Which, here: I've been reading Deborah Eisenberg's new collection called Twilight of the Superheroes, and she's killing me with her beautiful transitions. In the following excerpt, she moves us from a character's thoughts about a man who pursued her and who she withdrew from, to her thoughts about having move out of the room she's renting because the couple who rents to her will need the room for their baby:
The brilliant autumn days graded into a dazzling, glassy winter with skies like prisms, and then spring drifted down, as soft as pale linen. She painted her room a deep, mysterious blue.Most apparent in this is the pretty language. But to get deeper here, note the words that convey changes and what's ephemeral/ubiquitous, such as the past-tense verb graded, which goes so well with the word "prisms," the refraction of light, the rainbow, the gradual gradation from red to orange to yellow to green, etc. We're effectively transported through time via the seasons, but we're also transitioned into a new mood or tone because Eisenberg takes us from images that are superficial and hard (dazzling and glassy) to softer, less definite images, such as drifted, pale linen, and blue.

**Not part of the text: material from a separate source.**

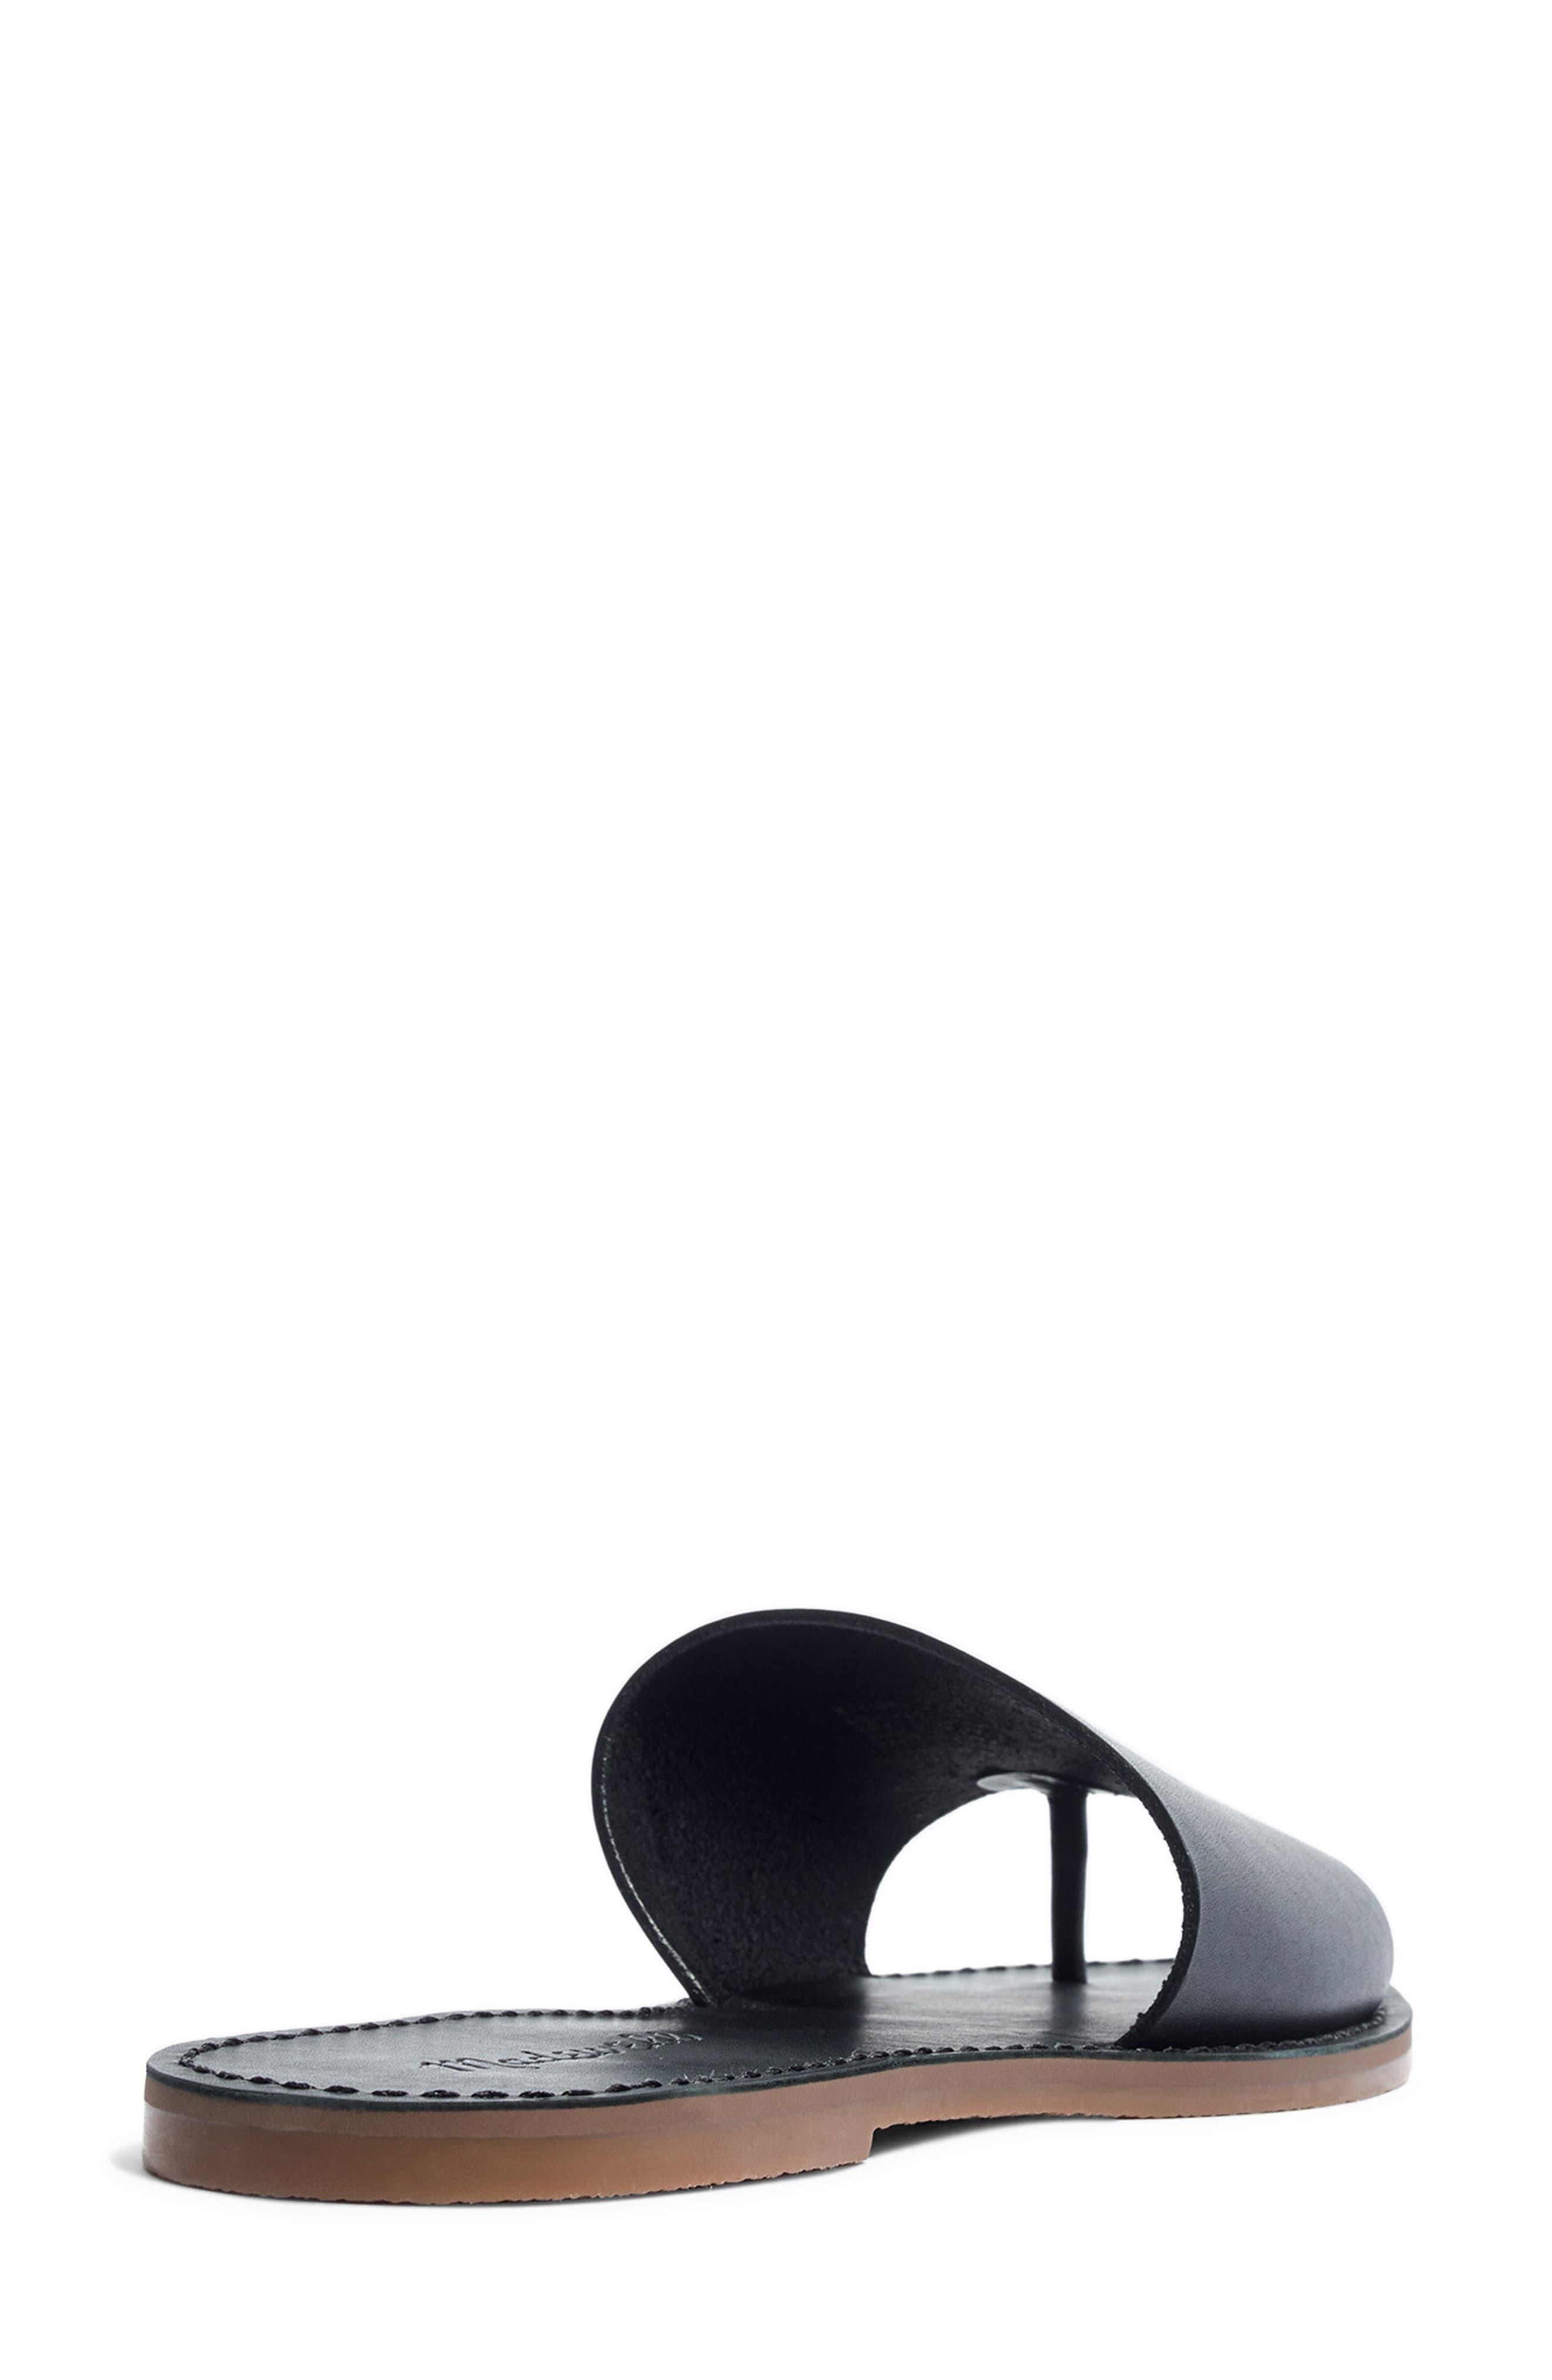 MADEWELL, Boardwalk Post Slide Sandal, Alternate thumbnail 2, color, TRUE BLACK LEATHER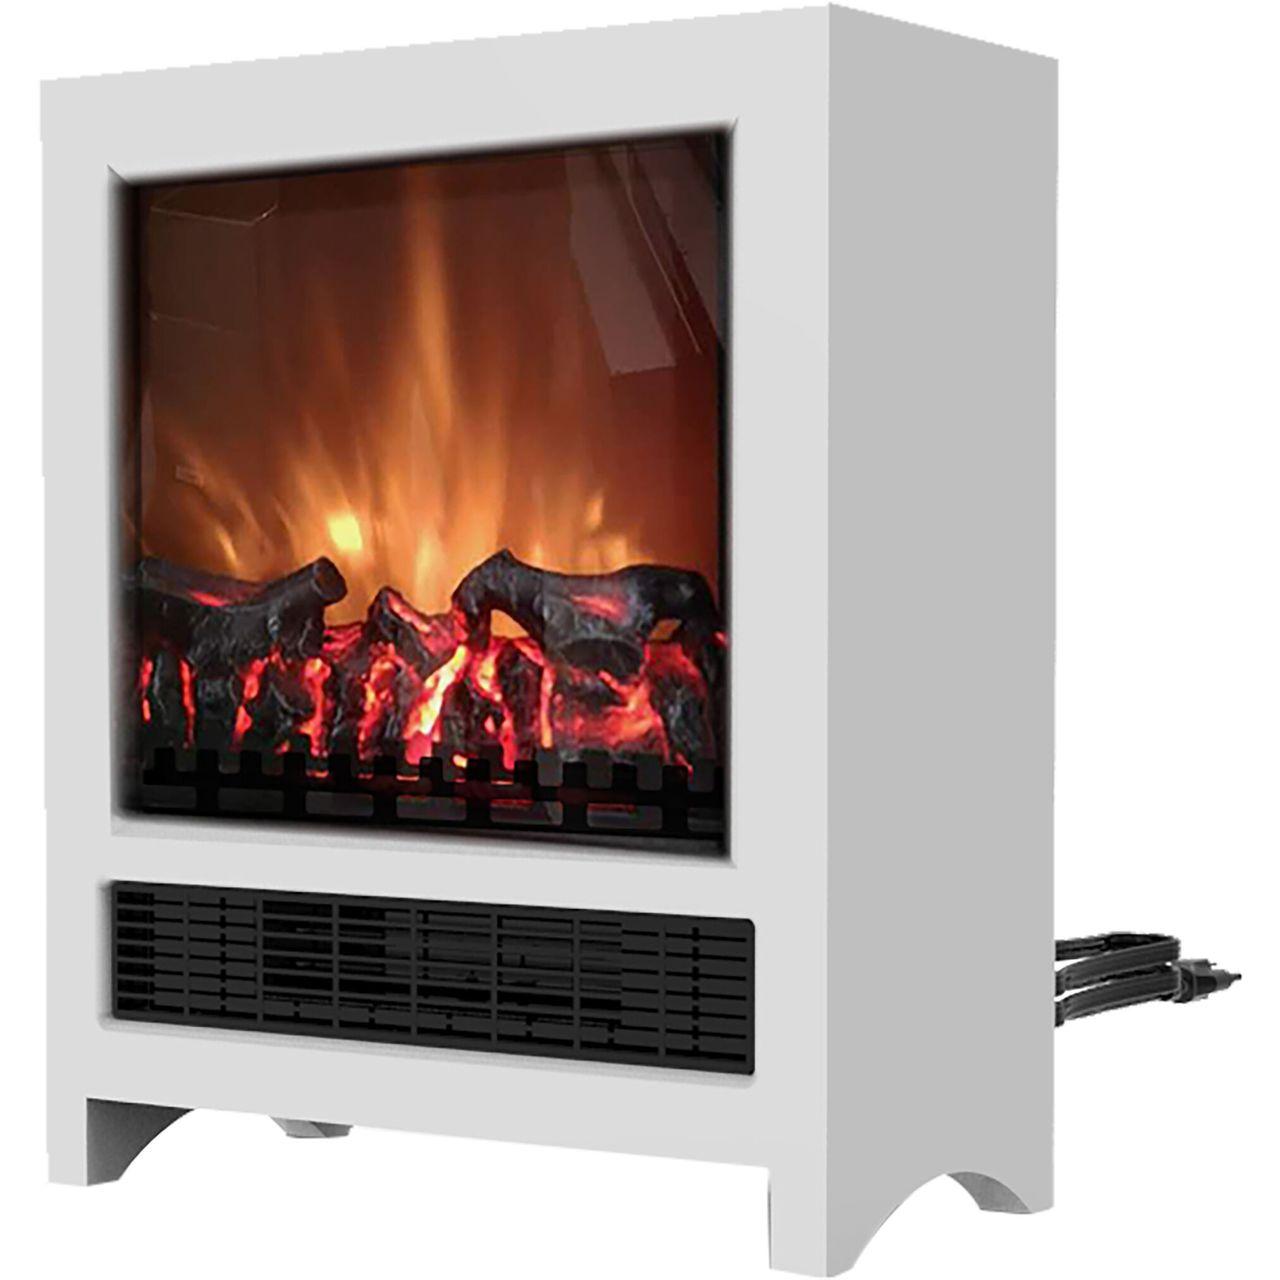 "Cambridge 19"" Freestanding 4606 BTU Electric Fireplace - White"

My purpose in telling you this (besides pointing out a skill that I admire and want you, my beloved readers, to know about) is I guess to say that if a writer puts a lot of effort into her transitions, whether or not her subject matter is easy, she's doing her utmost to love you, the reader, because no matter what she puts you through in re: imitating life, she's not about to imitate a tough change on top of that. In other words, while on one level you're reading something that imitates life, a transition has just a little less to do with the story being told and more to do with the reader's actual experience as they sit there in their easy chair or whatever, reading the story. As for me, then, I'm certianly no Deborah Eisenberg but please know that I'll do my best to demonstrate that I love you and to be attentive to your needs because your comments mean everything.